You win first prize for saying something that rings true.
Seriously though. I can not imagine a sane reason to try and rationalize one of St Leo's stupid posts or how we got to the point where people can honestly argue against JohnT on this point.
I make no bones about my moral support for [terrorist] organizations. - chegitz guevara
For those who aspire to live in a high cost, high tax, big government place, our nation and the world offers plenty of options. Vermont, Canada and Venezuela all offer you the opportunity to live in the socialist, big government paradise you long for. –Senator Rubio
IIRC in Africa in the 19th centuries corporations did indeed kill hundreds of thousands. The mines of the Belgian Congo were particularily notorious. The would send gangs out to Africa villages to forcibly "hire" laborers, then cart them off to the mine where they were worked to death. Resisters were shot. The situation in Angola was nearly as bad. In east Africa the ivory traders of Zanzibar were reputed to have killed up to one million Africans in order to sustain the ivory trade. Oh, and don't forget about the slave trade. Infact it was the scandal of these corporate excesses that became the cause-or excuse- for the gigantic land grab by the major European colonial powers in the 1880s.
"I say shoot'em all and let God sort it out in the end!
IIRC in Africa in the 19th centuries corporations did indeed kill hundreds of thousands. The mines of the Belgian Congo were particularily notorious. The would send gangs out to Africa villages to forcibly "hire" laborers, then cart them off to the mine where they were worked to death. Resisters were shot. The situation in Angola was nearly as bad. In east Africa the ivory traders of Zanzibar were reputed to have killed up to one million Africans in order to sustain the ivory trade. Oh, and don't forget about the slave trade. Infact it was the scandal of these corporate excesses that became the cause-or excuse- for the gigantic land grab by the major European colonial powers in the 1880s.
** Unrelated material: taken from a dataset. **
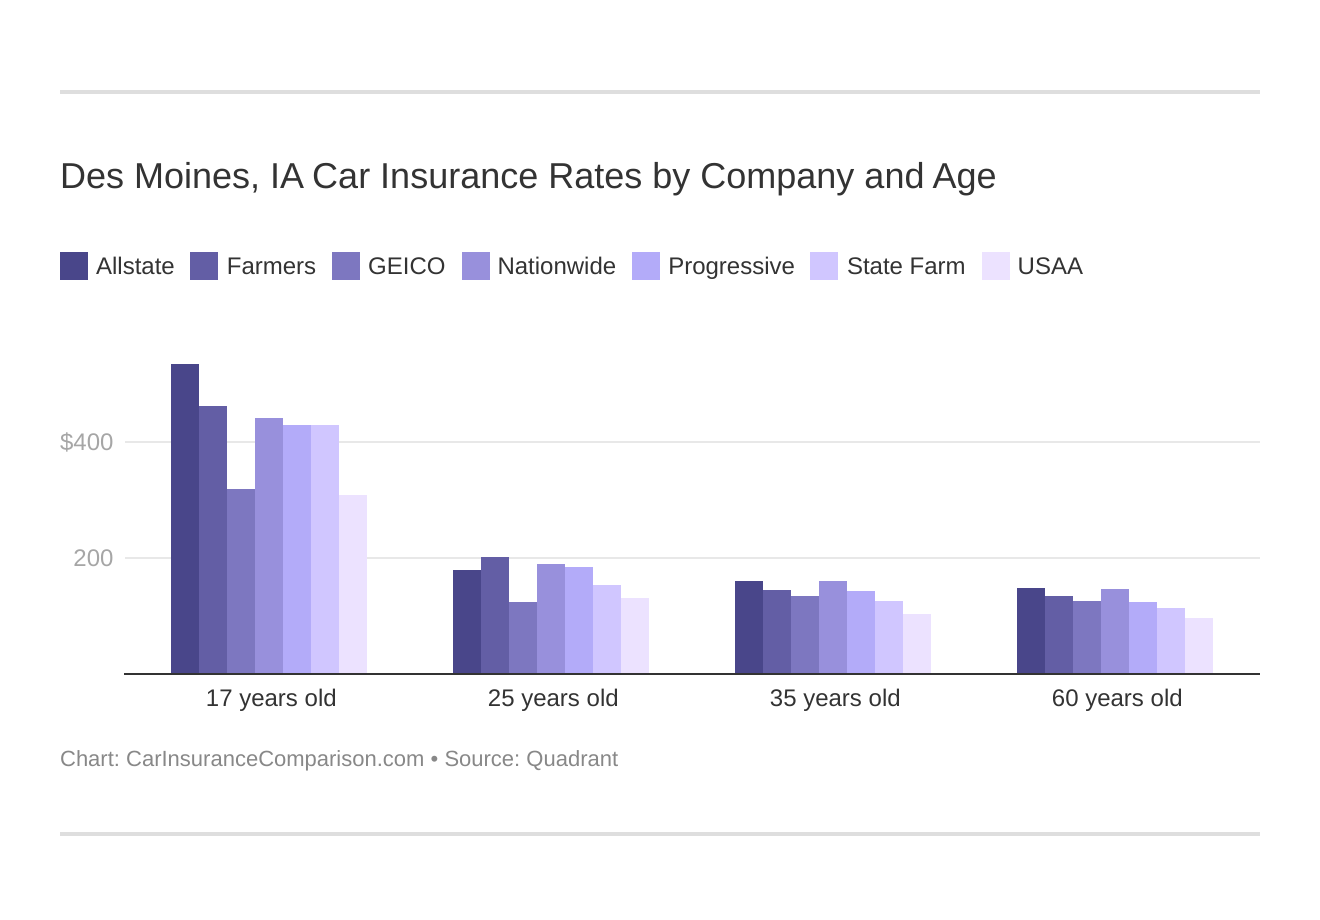 Des Moines, IA Car Insurance Rates by Company and Age

Dammit, dammit, DAMMIT! I had a very nice history of the slave trade (nice as in informative, lots of pages (about 700, iirc) charts, graphs, data, stuff like that) that actually had statistics for "type of entity" (for want of a better phrase) who purchased slaves. Anyway, from what I remember well over 1/2 of all African slaves were purchased or captured by representatives of their various governments, including government-chartered corporations - especially those of Portugal and England (who was the largest slave trader of all). About the only government that didn't profit from directly trading slaves was the Spanish - but even they granted monopolies (asiento's) to favored interests to participate in the trade as long as the traders were sure to pay their slave-tax.
If I find the book, I'll get the numbers. My apologies for asking people to take me at my word.